Это был Четвертый концерт — последняя написанная им вещь. Гром вступительных аккордов вымел из ее сознания все видения улицы. Концерт был мощным кличем восстания. Это было «нет», брошенное всем необозримым, бесконечным пыткам; отрицание страдания, отрицание, которое несло в себе агонию борьбы за освобождение. Звуки были подобны голосу, говорящему: «Нет никакой необходимости в боли — почему же тогда самую мучительную боль испытывают те, кто отрицает ее неизбежность? Мы, несущие любовь и тайну радости, к какому наказанию мы приговорены за это и кем?» Мучения превратились в вызов, страдания — в гимн видению будущего, ради которого стоило терпеть, стоило вынести все, даже это. Это была песнь неповиновения и отчаянного поиска.

Она сидела неподвижно, с закрытыми глазами и слушала.

Никто не знал, что случилось с Ричардом Хэйли. История его жизни была подобна коротенькой повести, написанной, чтобы проклясть величие и показать, какую цену приходится за него платить. Это были долгие годы, проведенные на чердаках и в подвалах, годы, впитавшие серый тон стен, в которых был заточен человек, чья музыка изобиловала яркими красками. Это была бесконечная изнурительная борьба против длинных пролетов неосвещенных лестниц, против замерзшего водопровода, против цены бутерброда в вонючей закусочной, против лиц людей, слушавших музыку с пустыми глазами.

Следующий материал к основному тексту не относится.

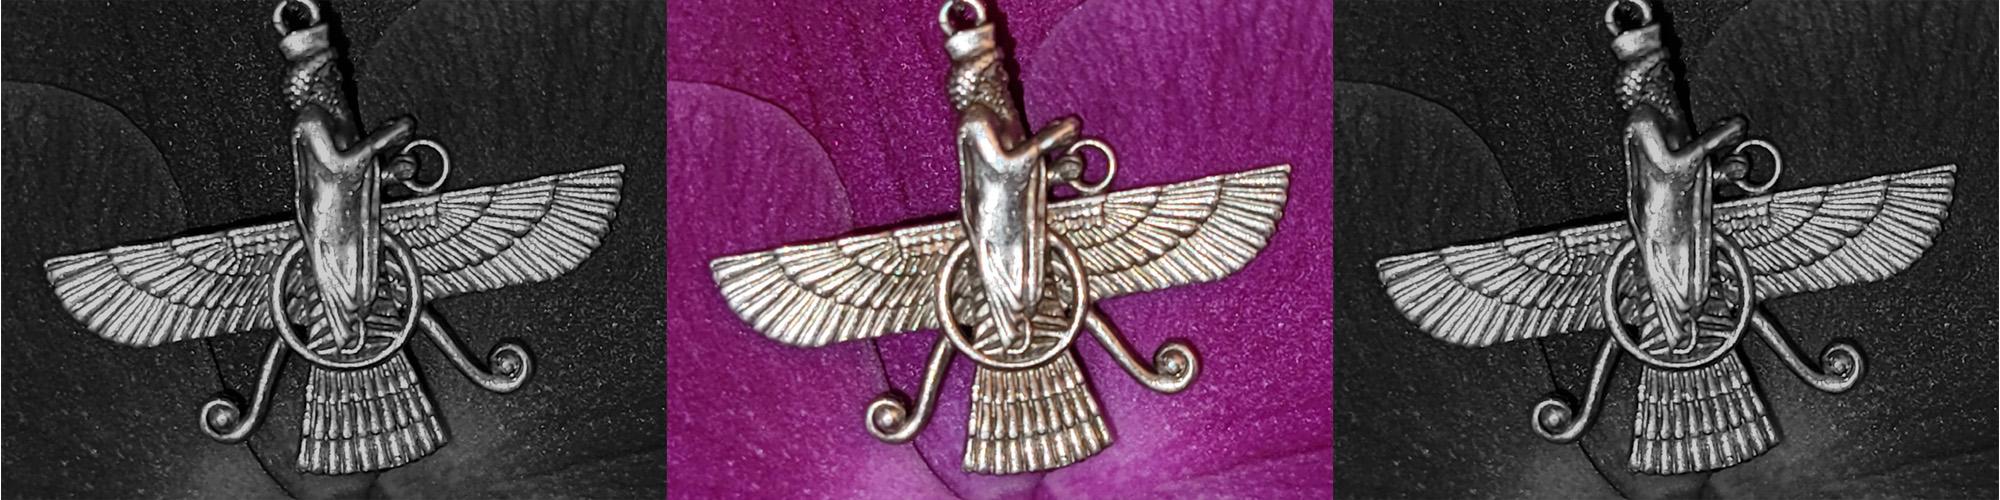 Zoroastrian Association of Florida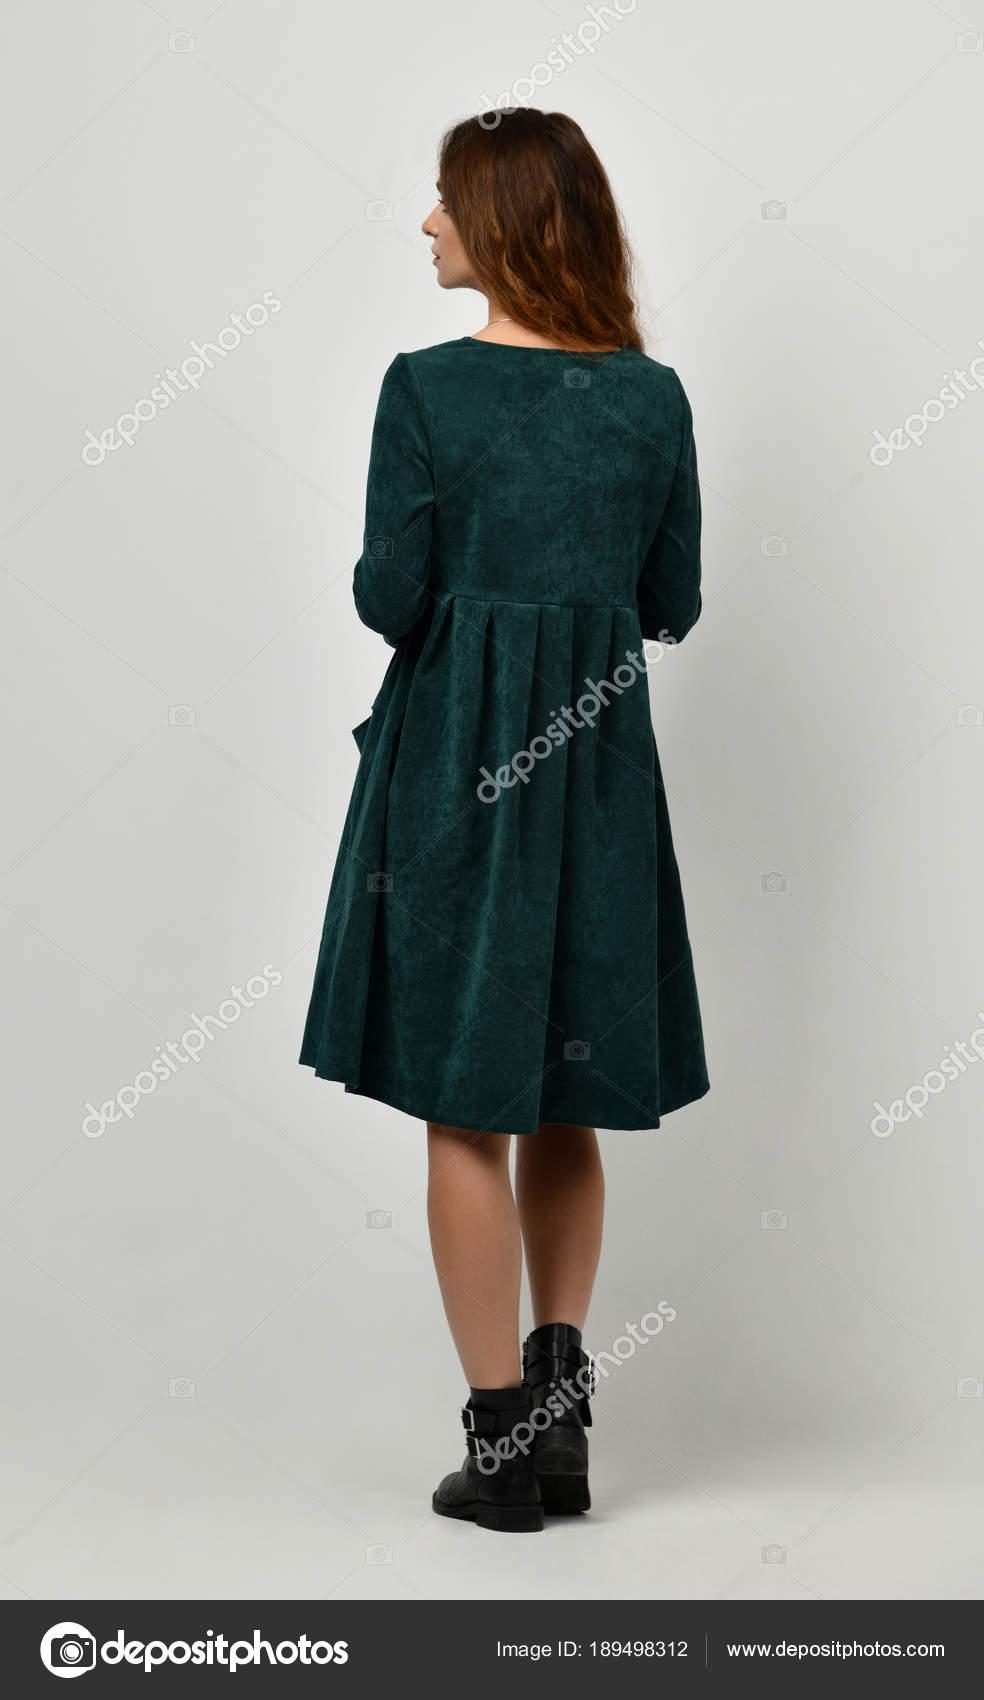 a3b29657607e23 Jonge mooie vrouw poseren in nieuwe casual winter groene jurk op grijs —  Stockfoto

Это была битва, в которой не было возможности снять напряжение в активных боевых действиях, в которой невозможно было распознать конкретного противника и приходилось лишь биться в глухую стену, стену безразличия, идеально поглощающую любой звук — удары, аккорды и крики; битва молчания для человека, который наделял звуки необычайной выразительностью; молчание безвестности, одиночества, ночей, когда случайный оркестр играл одну из его работ, а он смотрел в темноту, сознавая, что его душа изливается в дрожащих, расходящихся из радиоцентра кругах и проносится над городом, где нет ни единого человека, который ее услышит.

«Музыка Ричарда Хэйли несет в себе героическое начало. Наш век перерос это», — утверждал один критик.

«Музыка Ричарда Хэйли несозвучна нашему времени. В ней слышен экстаз, самозабвенный порыв. Кому это нужно в наши дни?» — говорил другой.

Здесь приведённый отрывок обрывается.